‘Can’t play with Indians’ data’: SC raps Meta, WhatsApp over privacy policy
While agreeing to admit the appeals, the bench raised serious concerns over the privacy implications of WhatsApp’s policy.
While agreeing to admit the appeals, the bench raised serious concerns over the privacy implications of WhatsApp’s policy.
While agreeing to admit the appeals, the bench raised serious concerns over the privacy implications of WhatsApp’s policy.
The Supreme Court on Tuesday made strong remarks against Meta Platforms and WhatsApp LLC over their 2021 privacy policy, saying it would not allow the exploitation of Indian users’ personal data.
The court was hearing appeals filed by Meta Platforms and WhatsApp challenging a National Company Law Appellate Tribunal (NCLAT) order that upheld a ₹213.14 crore penalty imposed by the Competition Commission of India (CCI) for violations linked to WhatsApp’s 2021 privacy policy.
The CCI has also filed a cross-appeal challenging the NCLAT order to the extent it allowed Meta and WhatsApp to share user data for advertising purposes after holding that there was no abuse of dominance.
A bench comprising Chief Justice of India Surya Kant, Justice Joymalya Bagchi and Justice Vipul Pancholi heard the matter. Senior advocates Mukul Rohatgi and Akhil Sibal appeared for Meta Platforms and WhatsApp respectively and informed the court that the penalty amount had already been deposited.
While agreeing to admit the appeals, the bench raised serious concerns over the privacy implications of WhatsApp’s policy.
“We will not allow you to share even a single piece of information. You cannot play with the rights of the people of this country,” Chief Justice Kant said, adding that WhatsApp enjoyed a monopolistic position, leaving users with no real choice.
“You are making a mockery of constitutionalism. How can you play with the right to privacy like this?” the CJI asked, observing that consumers had little option but to accept the policy.

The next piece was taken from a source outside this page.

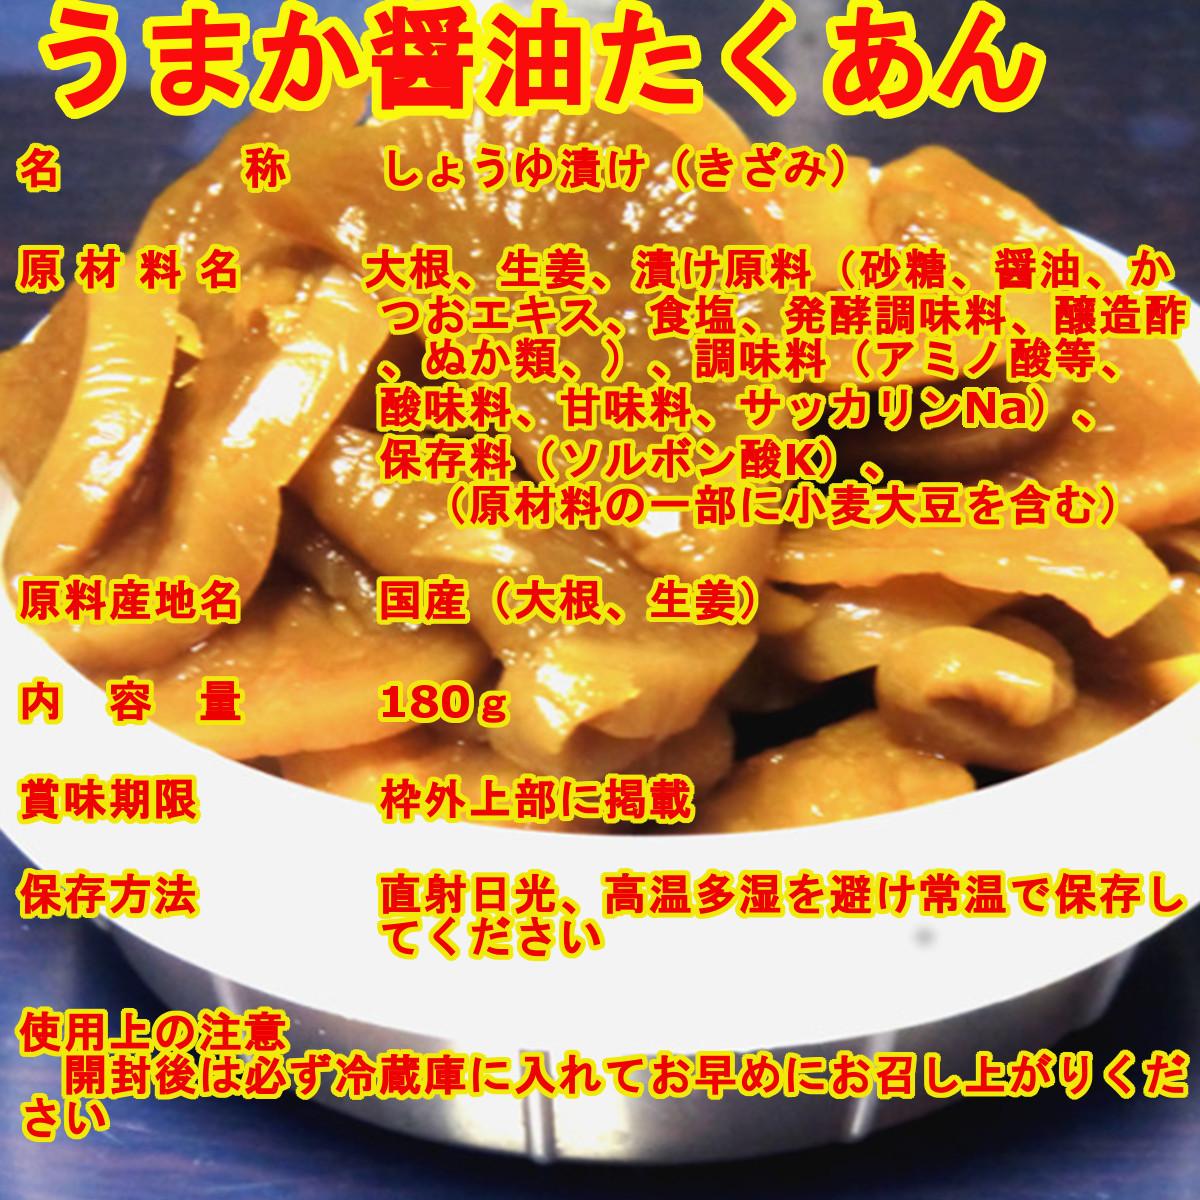 おかず3種2セット  梅っこきゅうり ごぼう たくあん ご飯のお供 おにぎり おつまみ 宮崎県産のお漬物 送料無料 _画像5

When Sibal argued that users had an option to opt out, the CJI questioned the effectiveness of such consent. “Will a poor woman selling fruits on the street understand your terms? Will domestic help understand them? This is a decent way of committing theft of private information,” he said.
The Chief Justice said the court would not proceed with the matter unless Meta and WhatsApp gave an undertaking that users’ personal data would not be misused. Rohatgi responded that a Constitution Bench was already examining WhatsApp’s privacy policy and that an undertaking had been given in those proceedings that no user would be barred from the platform for refusing to accept the 2021 policy.
Rohatgi also referred to the Digital Personal Data Protection Act, 2023, which allows time till May 2027 for compliance. Justice Bagchi, however, pointed out that the law is yet to come into force. Solicitor General Tushar Mehta submitted that personal data was not only being sold but also commercially exploited. Justice Bagchi said the court would examine how user data was monetised, including how behavioural patterns were analysed to enable targeted advertising.
“Every silo of data has a value. We want to see how this data is rented out and monetised,” Justice Bagchi said.
Chief Justice Kant cited personal experience, noting that even casual WhatsApp conversations appeared to trigger targeted advertisements. In response, Rohatgi and Sibal reiterated that WhatsApp messages are end-to-end encrypted and cannot be accessed by the platform.
Justice Bagchi observed that unlike European Union regulations, India’s data protection framework does not yet assign a clear economic value to shared data. Mehta added that in the EU, such data is assigned a notional value and taxed.
Senior advocate Samar Bansal, appearing for the CCI, said the regulator had examined these issues in detail before imposing the penalty. “Their entire revenue model is advertising. We are the product,” he submitted.
Facing sustained questioning from the bench, Rohatgi said Meta would file a detailed affidavit explaining its data practices. Accepting the request, the court adjourned the matter to next Monday and impleaded the Ministry of Electronics and Information Technology as a party to the proceedings.
The dispute arises from a November 2024 order of the Competition Commission of India examining WhatsApp’s 2021 privacy policy update. The regulator held that WhatsApp, which enjoys a dominant position in India’s OTT messaging market, imposed a take-it-or-leave-it framework on users, denying them meaningful choice.
The CCI found that WhatsApp made continued access to its messaging service conditional on users agreeing to expanded data sharing with other Meta group entities, amounting to abuse of dominance under the Competition Act, 2002. It imposed a ₹213.14 crore penalty and issued remedial directions, including prohibiting mandatory data sharing and requiring clearer opt-in and opt-out mechanisms.
Meta Platforms and WhatsApp challenged the order before the NCLAT in January 2025. In November 2025, the NCLAT set aside certain restrictions on advertising-related data sharing and overturned the finding of unlawful leveraging of dominance, but upheld the monetary penalty.